Playwright Naomi Iizuka tackles a difficult subject with grace, honesty and even a sense of poetry in Good Kids. The University of Pittsburgh Department of Theatre Arts does full justice to the 2014 one-act with a solid ensemble directed by Kimberly Griffin and Lisa Jackson-Shebetta in the intimate Henry Heymann Theatre.

Much of the play draws upon the 2012 rape by members of the Steubenville High School football team of a girl from West Virginia (“across the river,” noted several times in Good Kids), and its subsequent explosion on social media. The various assaults upon the unconscious victim were cheerfully, often jeeringly recorded on the boys’ phones and widely texted to friends and posted on Internet sites.

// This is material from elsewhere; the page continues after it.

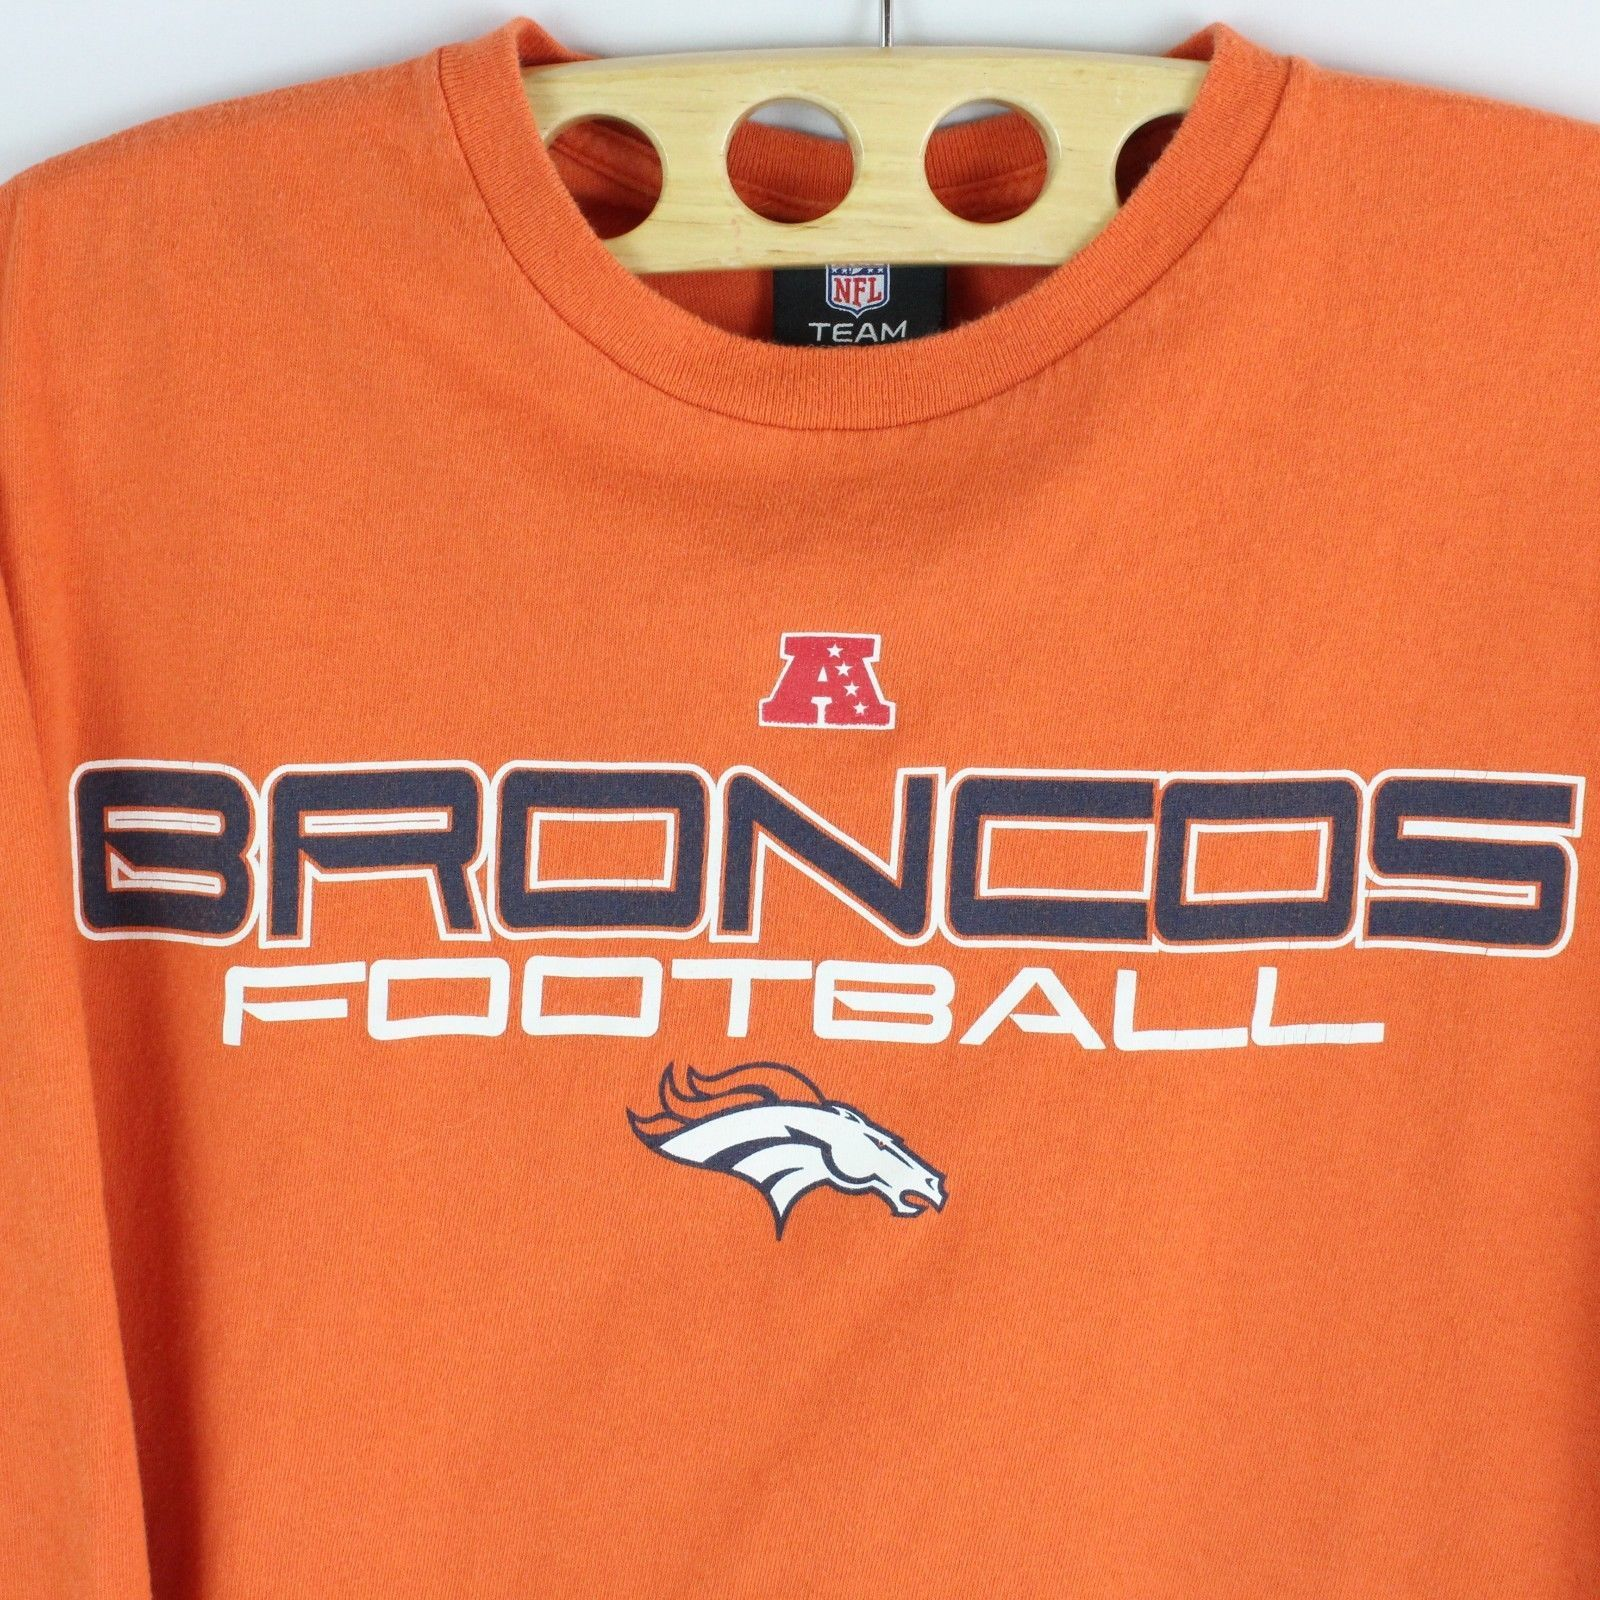 NFL Broncos De Denver Vintage T-Shirt a Manica Lunga Braccio Spellout  TAGLIA L 080786ea9

How could “good kids” commit such a monstrous act and boast about it? How could their classmates, “good kids,” join in the shame-and-blame game on a fellow teenager, another “good kid”? Iizuka plays with time, weaving the action from the immediate aftermath of the crime with its lead-up, probing the perspectives of the students. Before the incident, Good Kids targets the unknowability of the Truth and the evanescence of Belief. After the crime, Good Kids focuses on Guilt: shared, dodged and reluctantly accepted. Lives are shattered. Many questions, but no satisfactory answers.